> Task to carry out: Give every line of the material back exactly, images removed.

> Input:
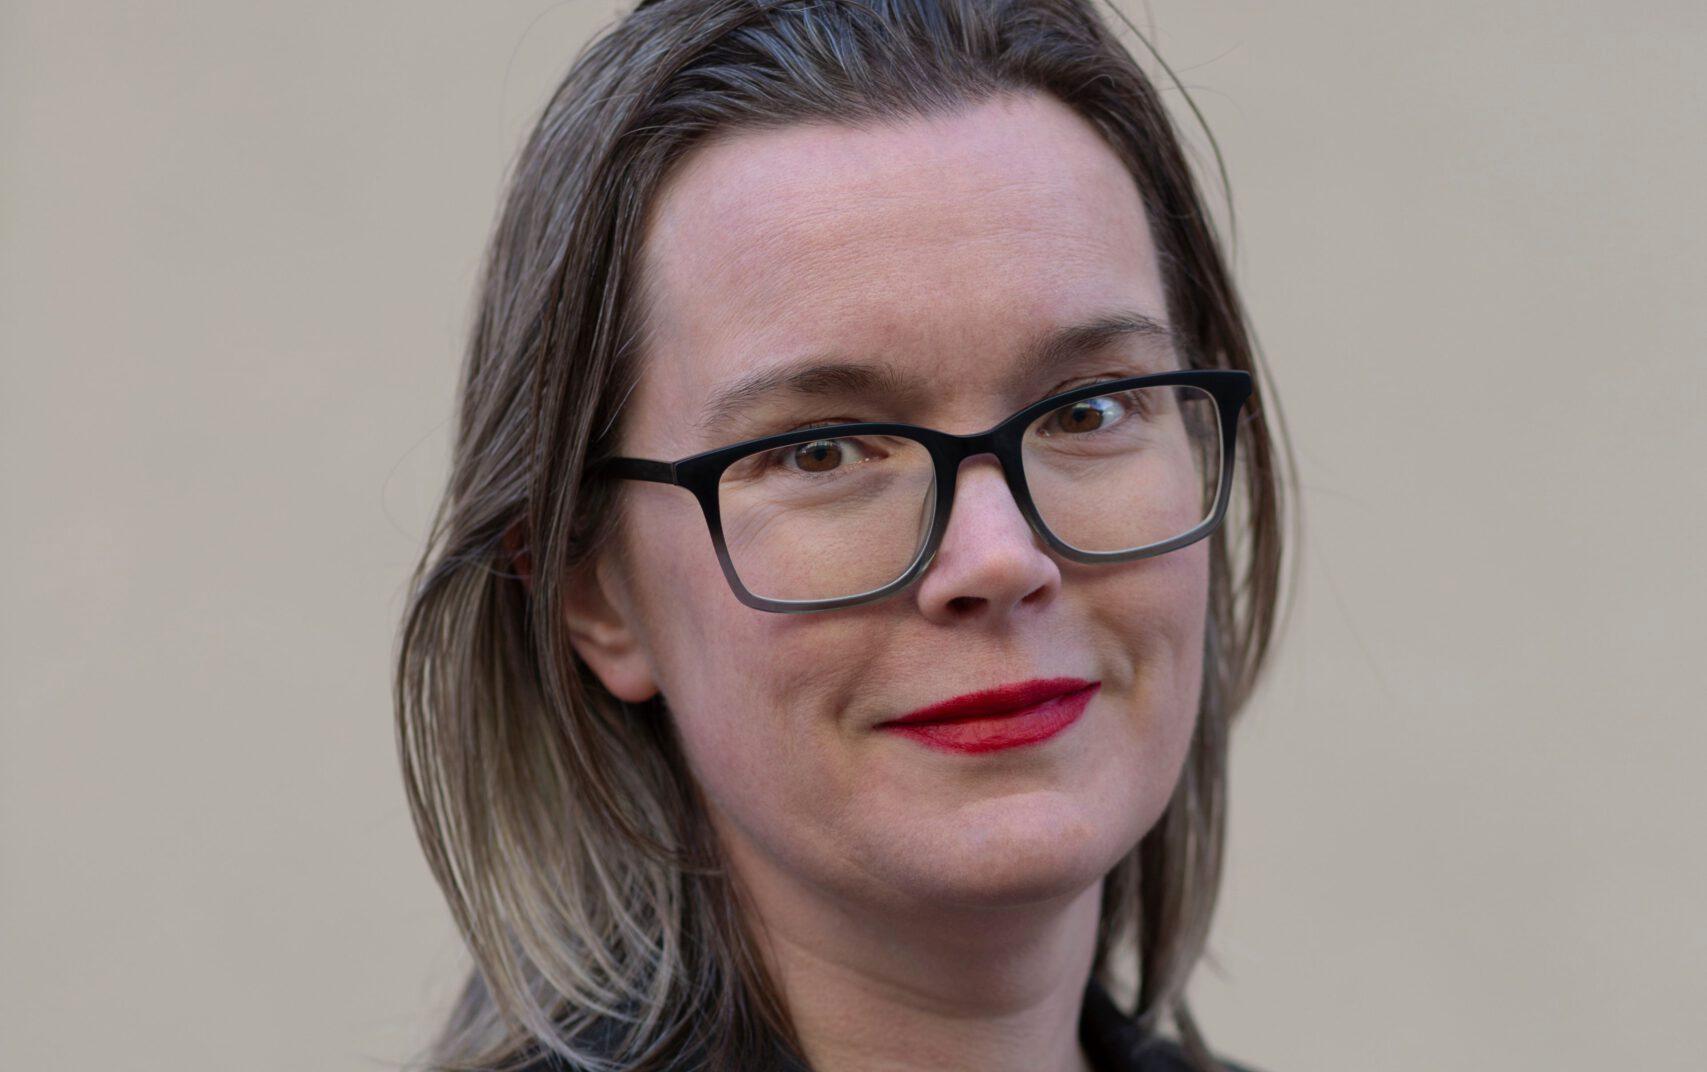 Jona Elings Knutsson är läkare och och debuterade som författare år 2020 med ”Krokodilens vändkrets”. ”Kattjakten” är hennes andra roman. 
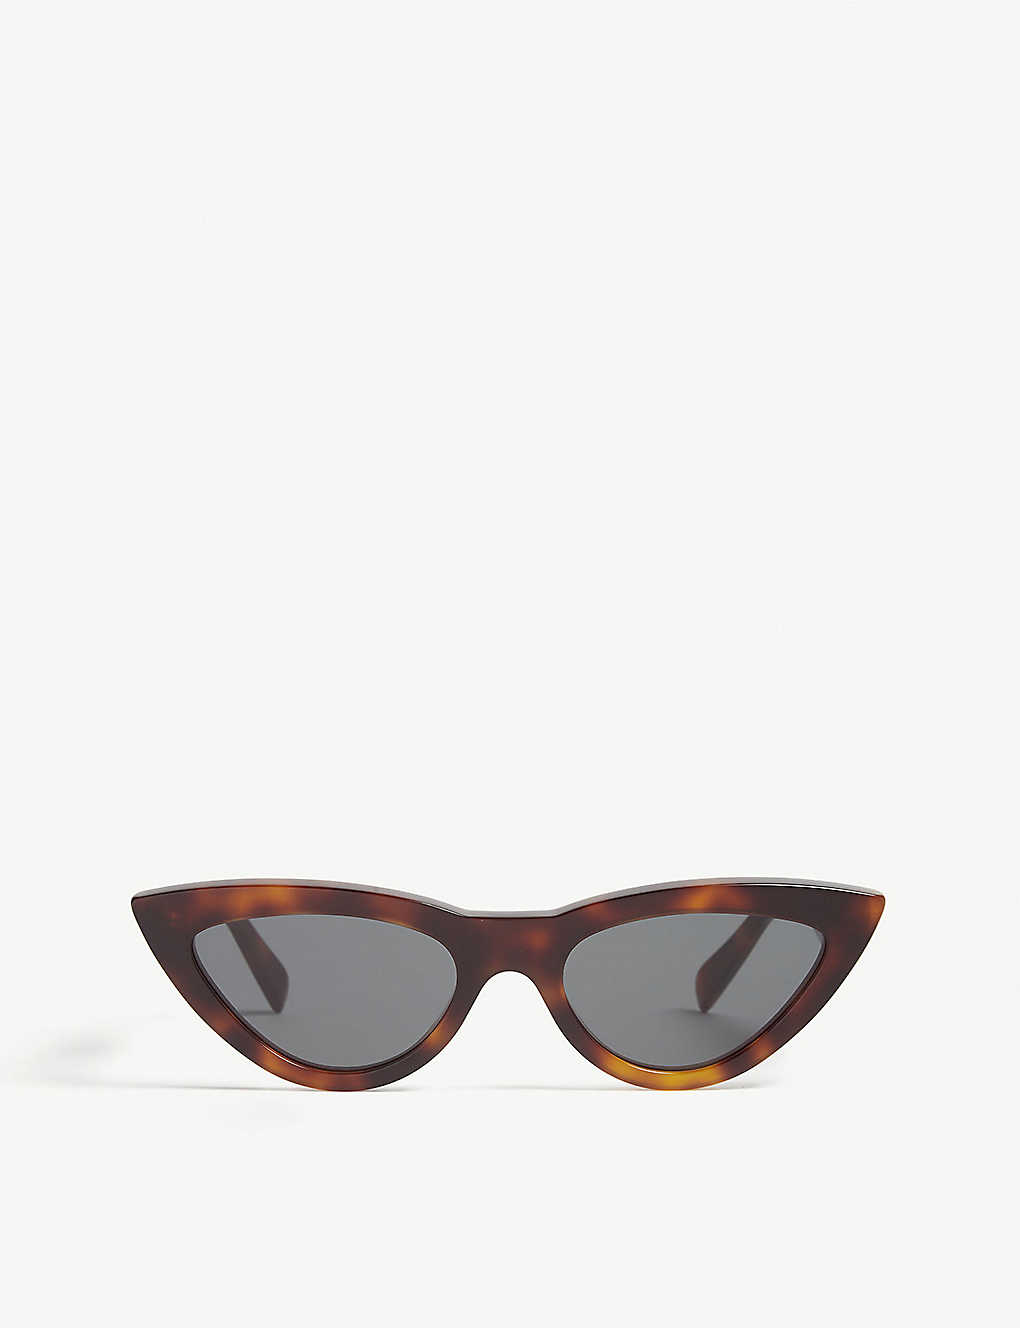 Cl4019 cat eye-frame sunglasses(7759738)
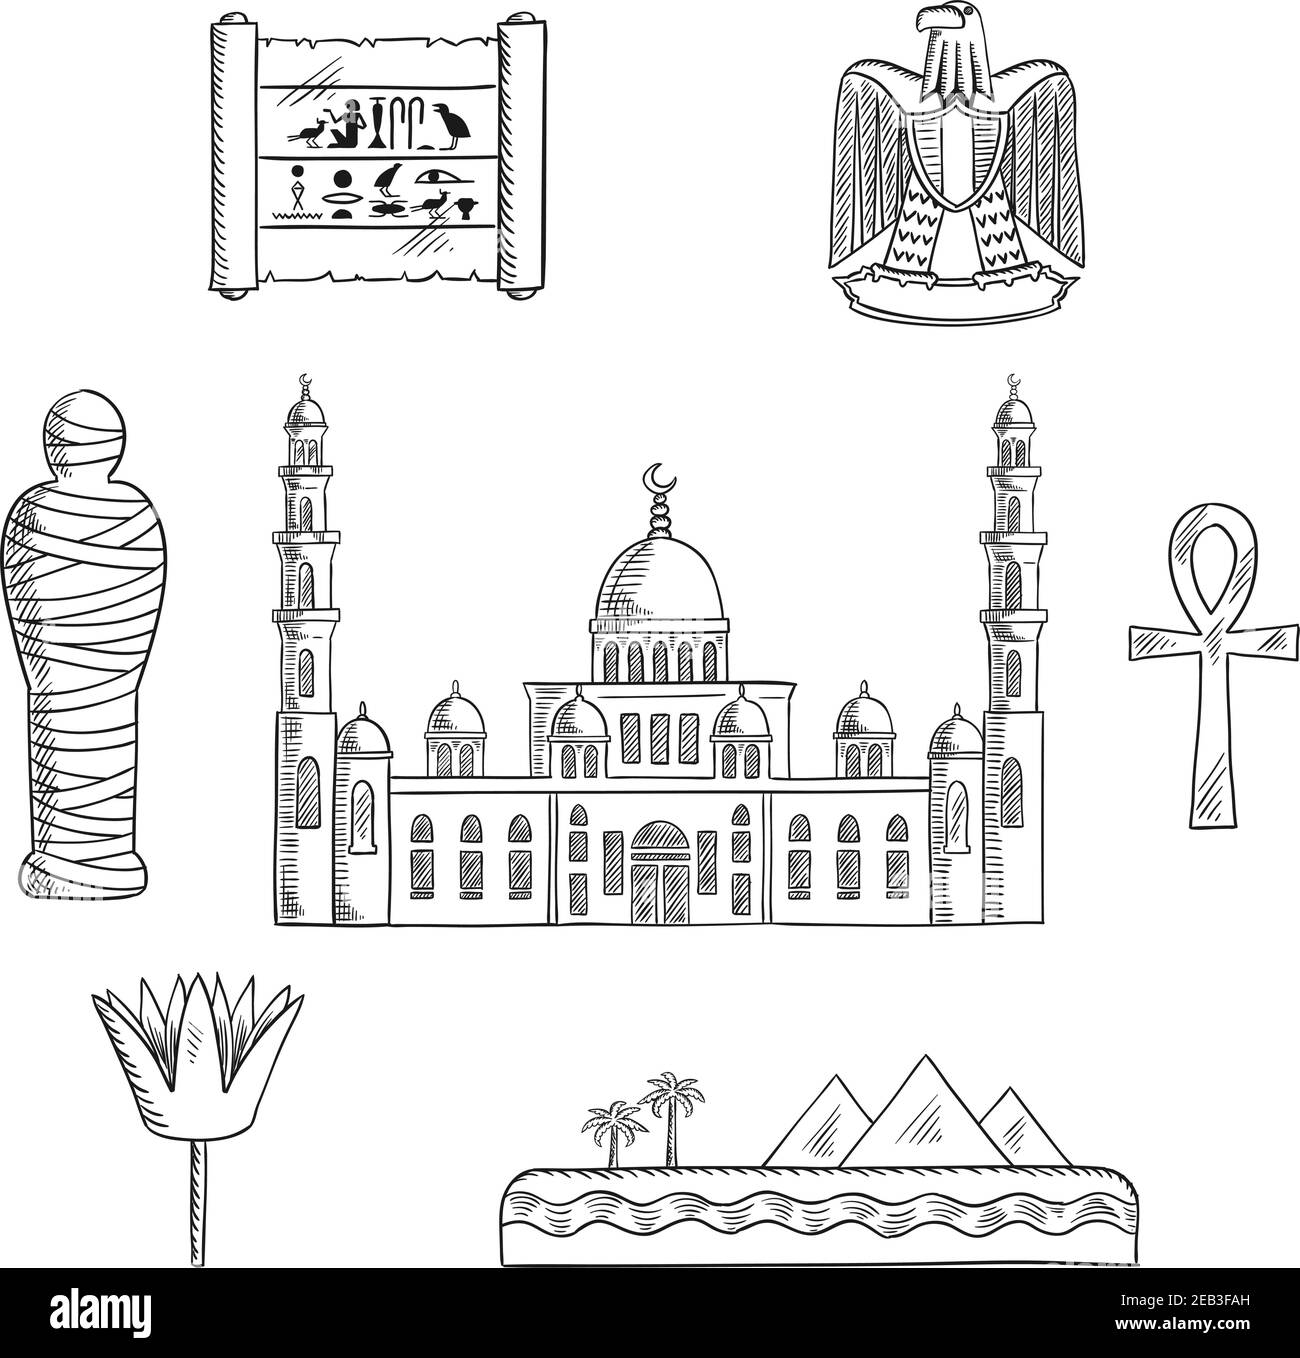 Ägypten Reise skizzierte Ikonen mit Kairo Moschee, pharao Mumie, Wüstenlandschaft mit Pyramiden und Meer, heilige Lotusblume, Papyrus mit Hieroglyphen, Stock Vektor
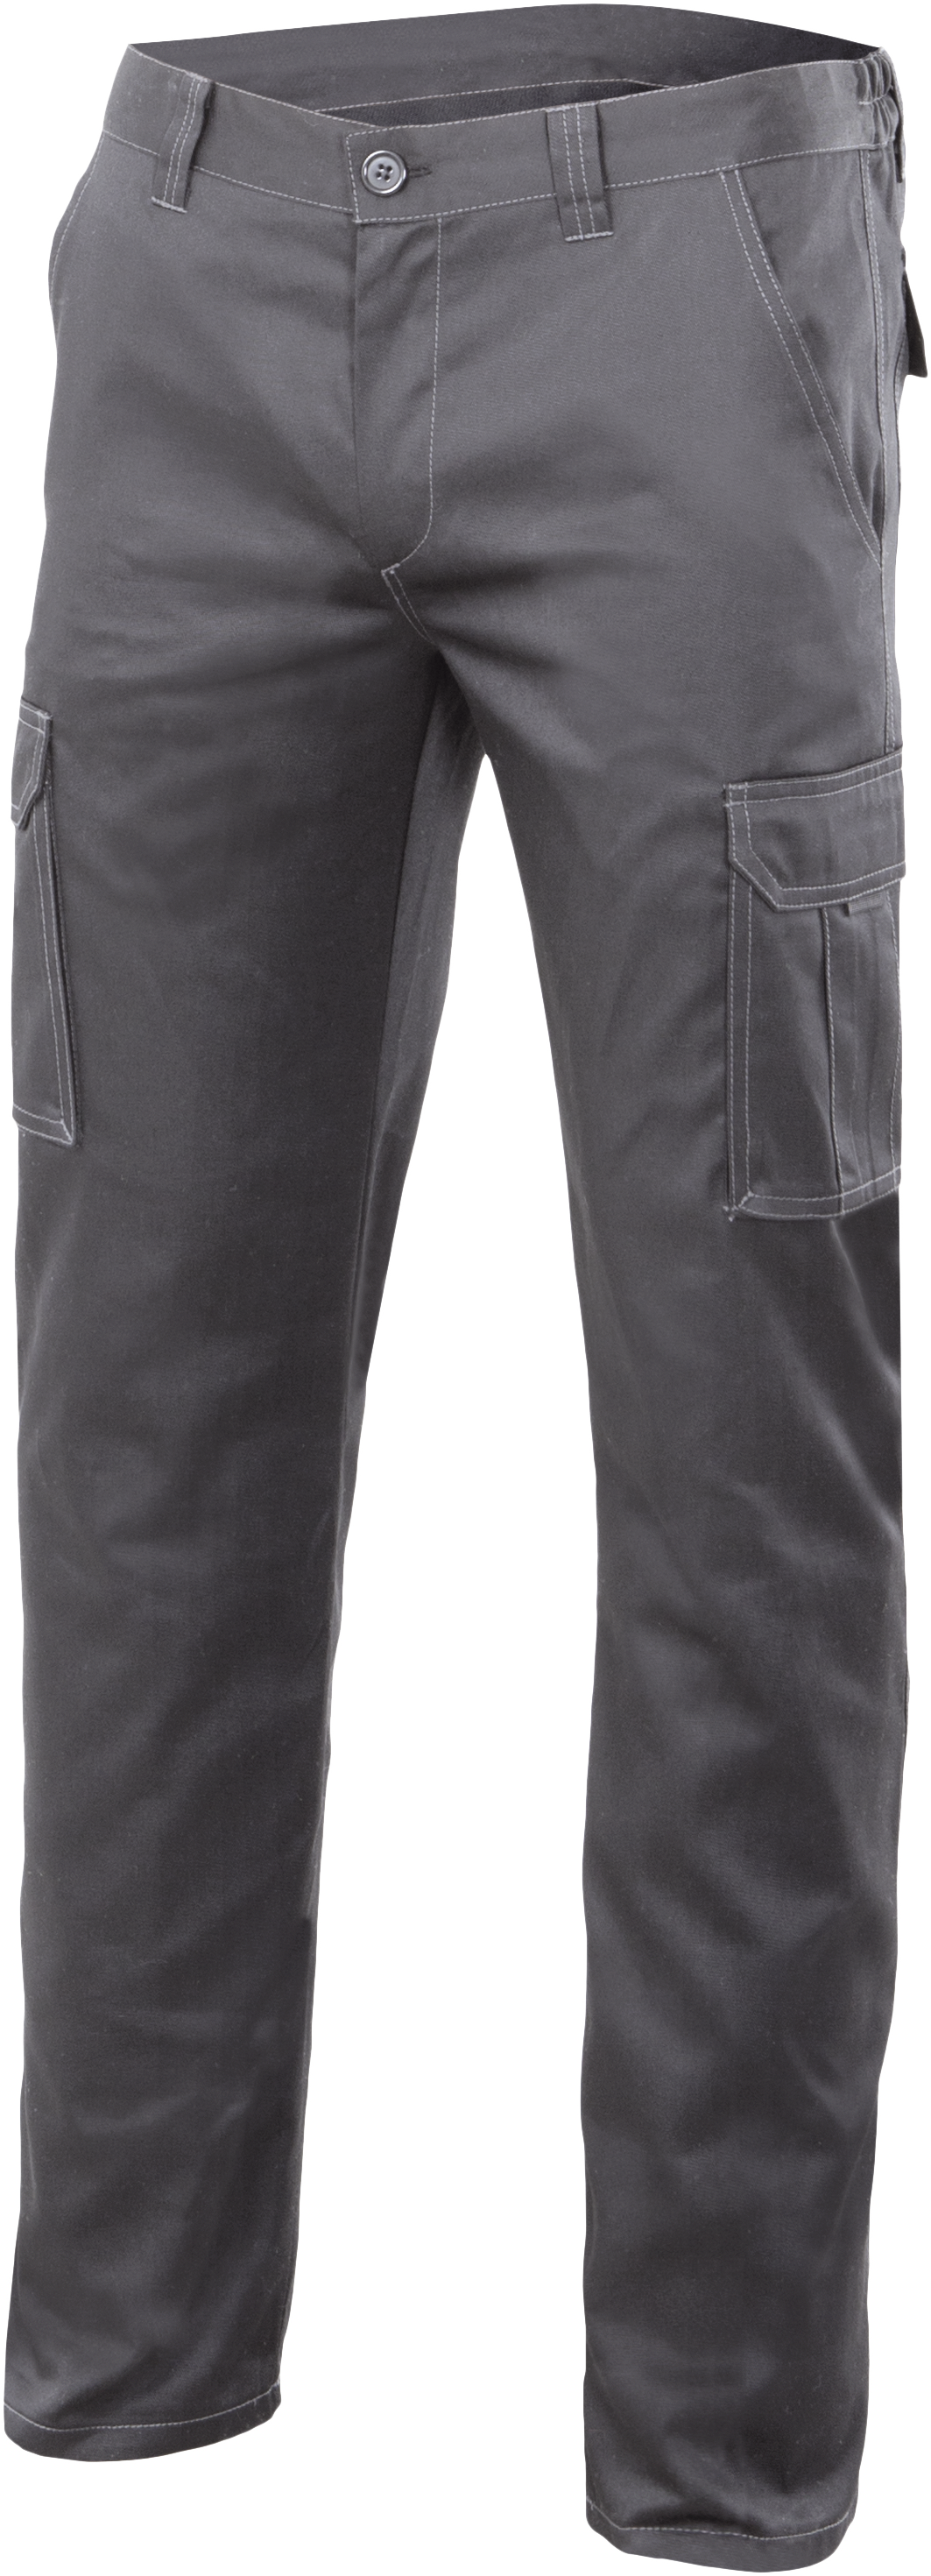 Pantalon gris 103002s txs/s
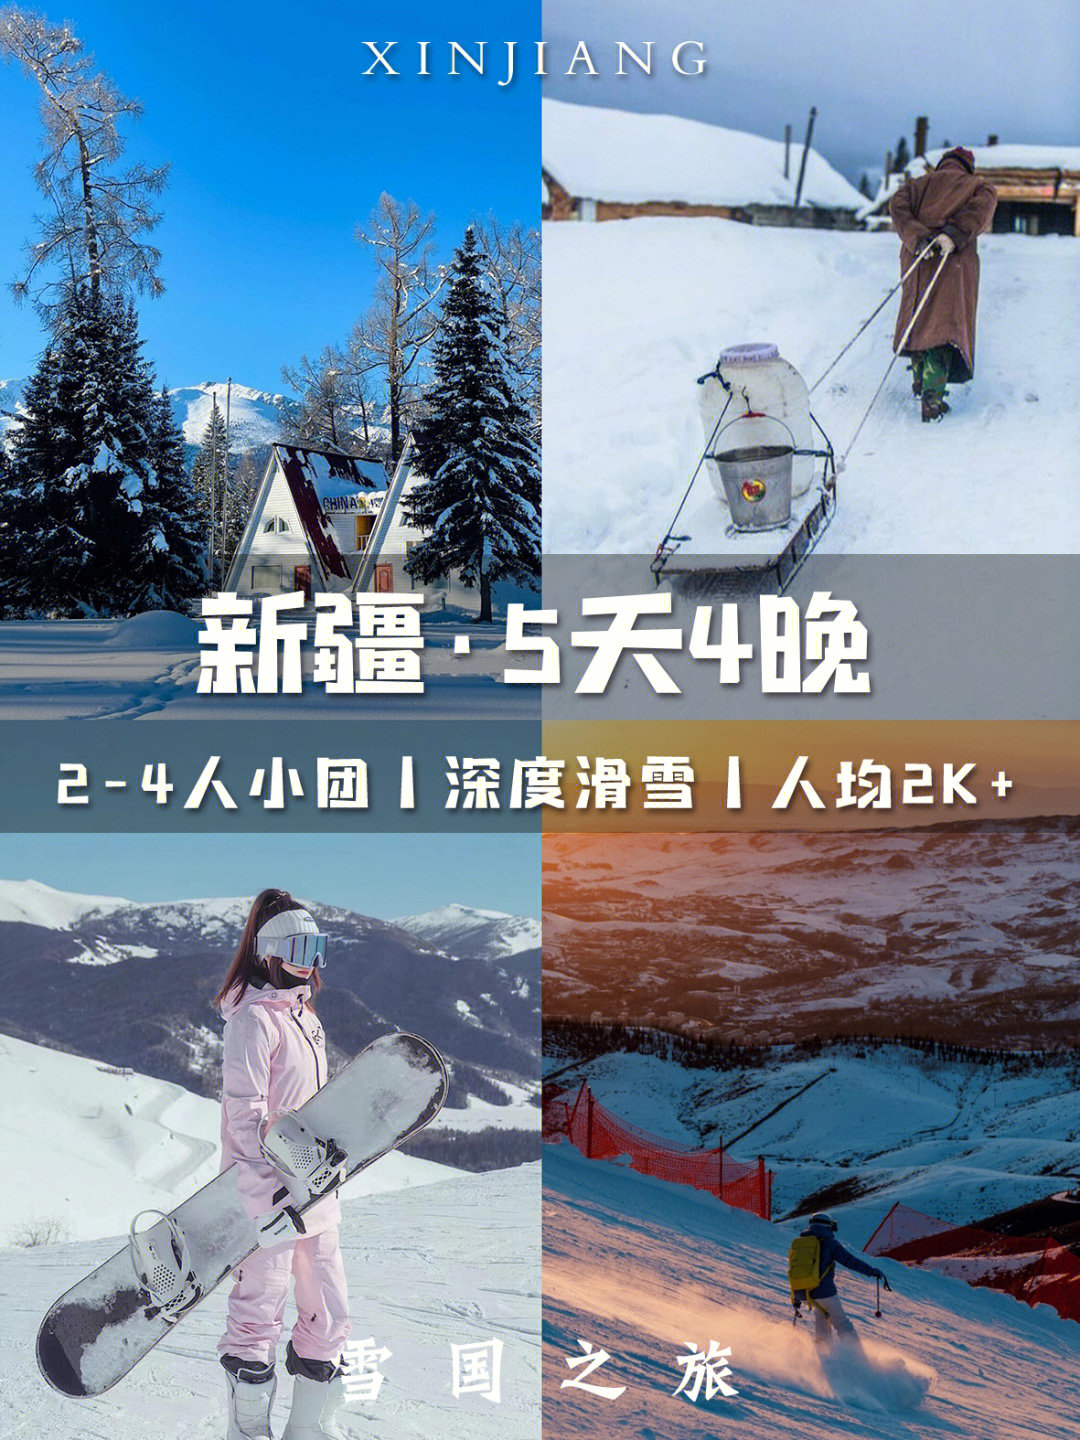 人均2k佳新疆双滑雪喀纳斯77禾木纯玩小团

> Answer box:
 Jona Elings Knutsson är läkare och och debuterade som författare år 2020 med ”Krokodilens vändkrets”. ”Kattjakten” är hennes andra roman. 
 Cl4019 cat eye-frame sunglasses(7759738)
 Ägypten Reise skizzierte Ikonen mit Kairo Moschee, pharao Mumie, Wüstenlandschaft mit Pyramiden und Meer, heilige Lotusblume, Papyrus mit Hieroglyphen, Stock Vektor
 Pantalon gris 103002s txs/s
 人均2k佳新疆双滑雪喀纳斯77禾木纯玩小团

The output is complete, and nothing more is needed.